Blog post By Paula Chiocchi on 2020-07-22
It used to be that the B2B buying journey was a specific, well-defined path set by marketers. But now, many buyers are ignoring the “road signs” to choose their own journey. Some may still go along the paved path, but others are cutting through side trails or stepping out into the woods by themselves. Buyer behavior is changing, and in fact, the entire B2B customer journey has been undergoing a transformation. So how do you adjust?
Recently I came across a Marketing Profs article that offers ideas on how marketers can align with the self-directed buying journey. But first, it’s important to understand some of the reasons driving this shift. A recent Forrester report points to four major factors:
- Access to Information: With more information available online than ever before, buyers have more control to choose a self-directed journey. Marketing Profs makes the point that by the time buyers “actually engage directly with a prospective vendor, they already have a strong sense of what they want.”
- Buyer Demographics: As a whole, business leaders have been talking about how to work with millennials for years, but now this generation isn’t just researching and supporting marketing teams – they’re the ones making decisions.
- Elevated Consumer Experiences: B2B buyers have grown to expect the high level of personalization and ease found in consumer purchases in their B2B buying journey as well.

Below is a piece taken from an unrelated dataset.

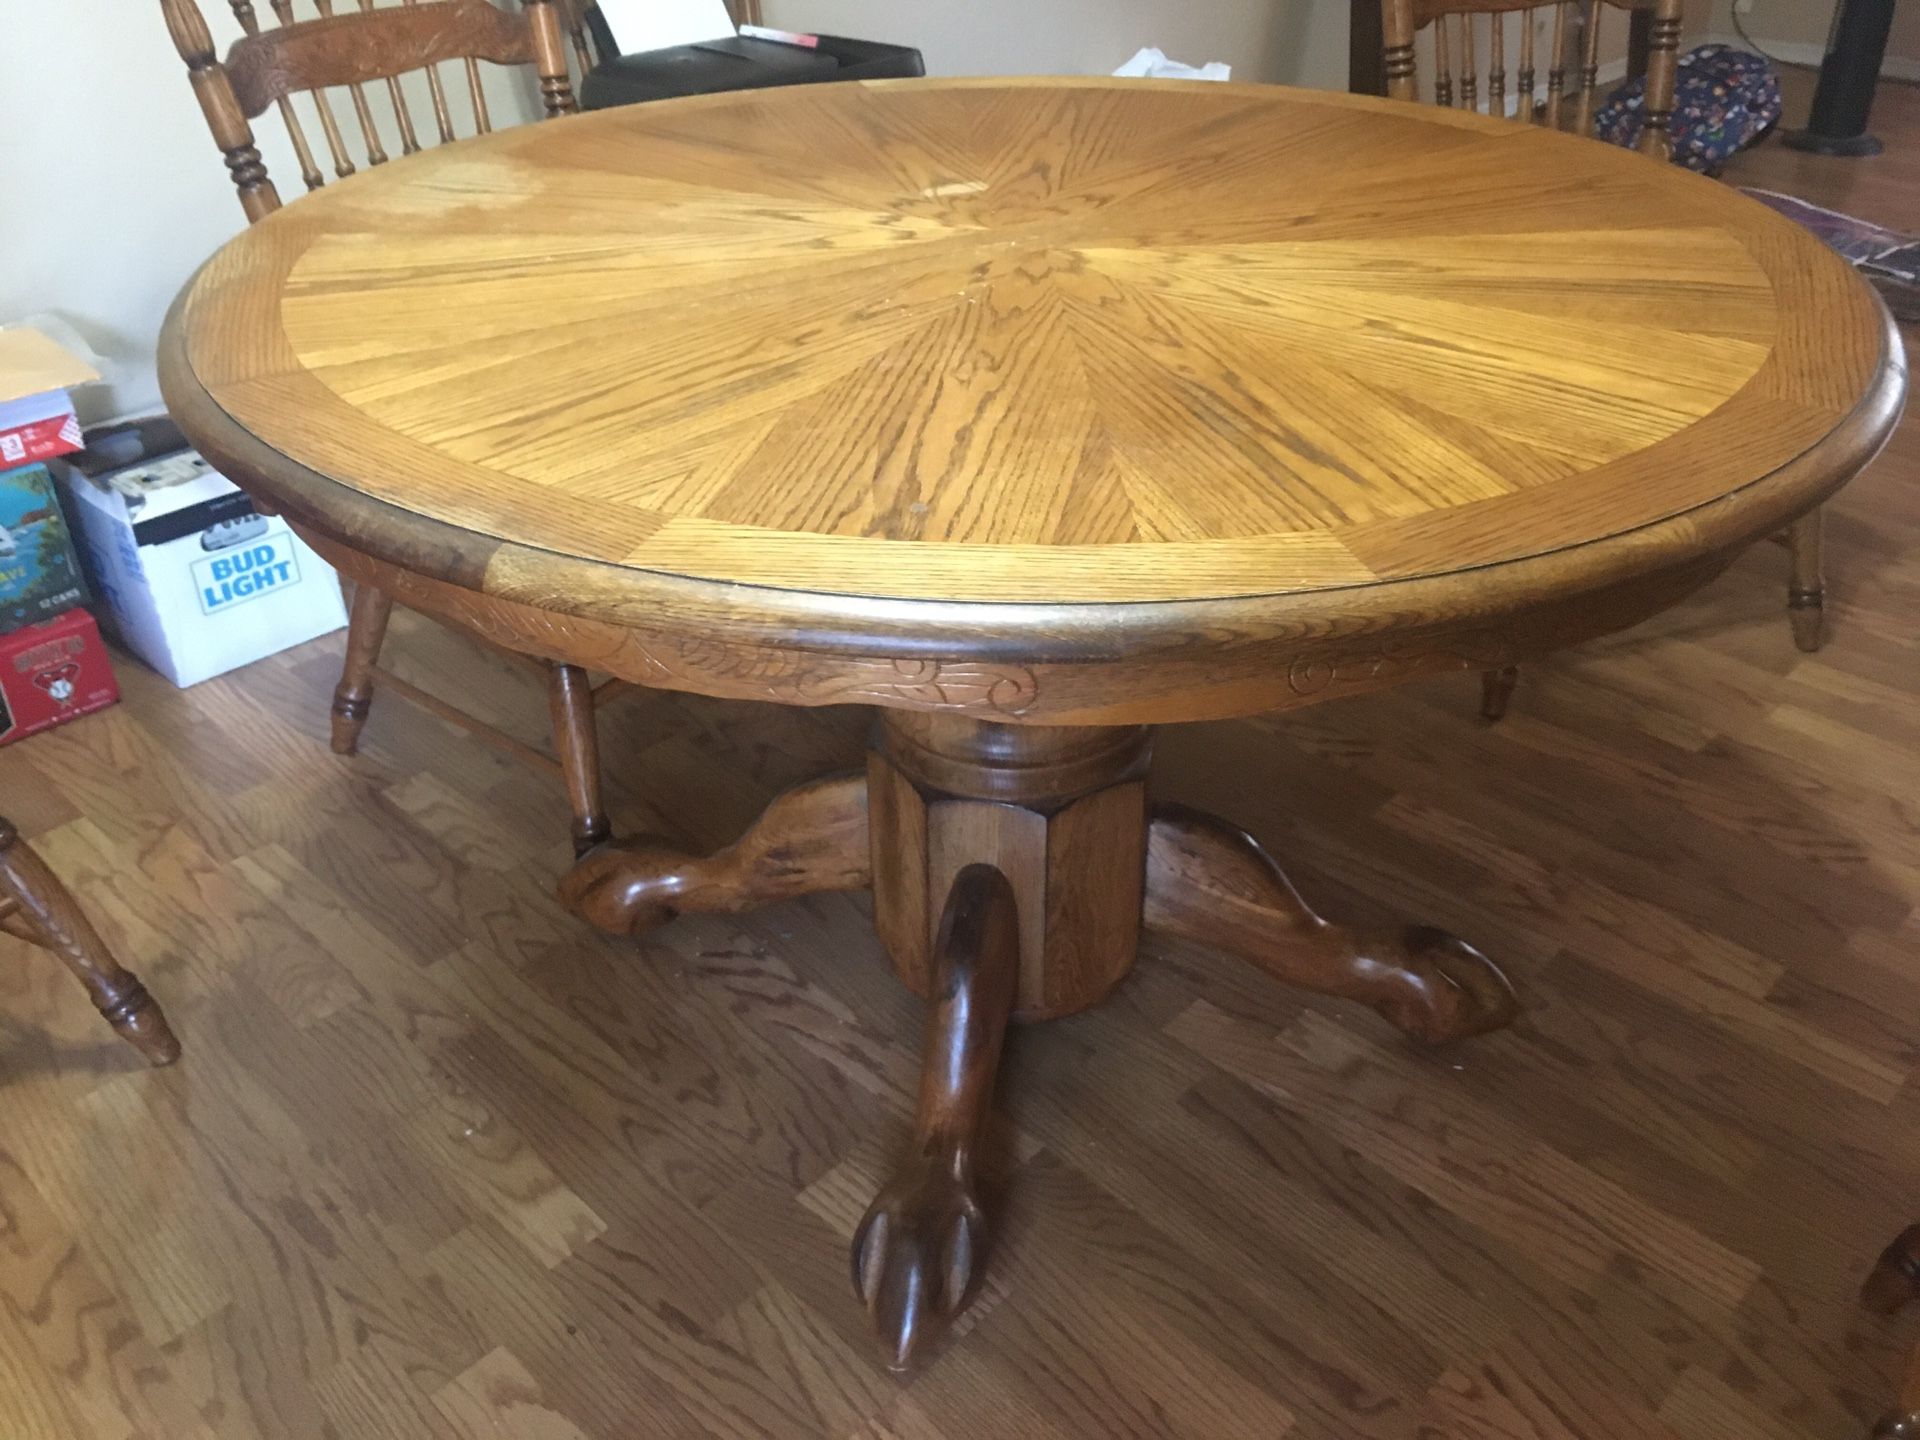 Wooden kitchen table with leaf and 6 chairs

- Lack of In-Person Events: Industry events have traditionally been the time and place to establish and grow business relationships. But with most major in-person events on hold due to the pandemic, those connections aren’t being built and must be forged another way.
With those reasons in mind, here are four of my insights on how the buyer journey is shifting and what marketers should be doing in response.
- This isn’t brand new, it’s just more pronounced. A shift to the self-directed journey has been happening for years, but it has been amplified in recent months by the ongoing pandemic. In many ways it’s reached a tipping point: if marketers don’t jump on, they’ll risk being left behind. Looking to the future, even as in-person events return, sales and marketing teams need to recognize that today’s buying journey is a digital-first experience and they must adjust accordingly to stay relevant.
- Buyers may be self-directed, but they still want support. Instead of someone trying to persuade them, buyers are looking for an “equal partner,” according to Forrester. The report indicates it’s no longer about convincing a buyer to buy, but rather, helping them buy. “With ready access to much of the information they need to make purchase decisions, they expect transparency, expediency, and partnership,” Forrester says.
- It’s good to know the what, but better to know the why. Your prospects have already demonstrated some level of interest, but why are they interested in your product or solution? This is where intent data can come into play and make a huge impact. Buyer intent signals indicate that a prospect may be ready to buy your solution or a similar one. The article points out that how people search for a solution says a lot about their needs. What were the search terms used that brought them to your site? Do they value reliability, speed, service, price, or another factor? Marketers can then use that insight to deliver even more personalized campaigns and content that speaks to those values.
- Anticipate needs. B2B marketers should aim to understand what their buyers want now, and what they may want next. The article mentions how consumer brands have set the bar for all buyers, and how “deep customer understanding not only improves existing customer relationships but also enables companies to understand what customers… will need next.” This is especially important as the Forrester report says that buyers are looking for experiences that are “open, connected and intuitive” – similar to many consumer purchases.
The bottom line is, the buyer journey is changing and so are buying relationships. Marketing and sales teams aren’t in control and can’t determine the path. Instead, marketers should align with where buyers are heading and start walking beside them as a partner with valuable resources.
How is your company aligning with your buyers’ and their needs?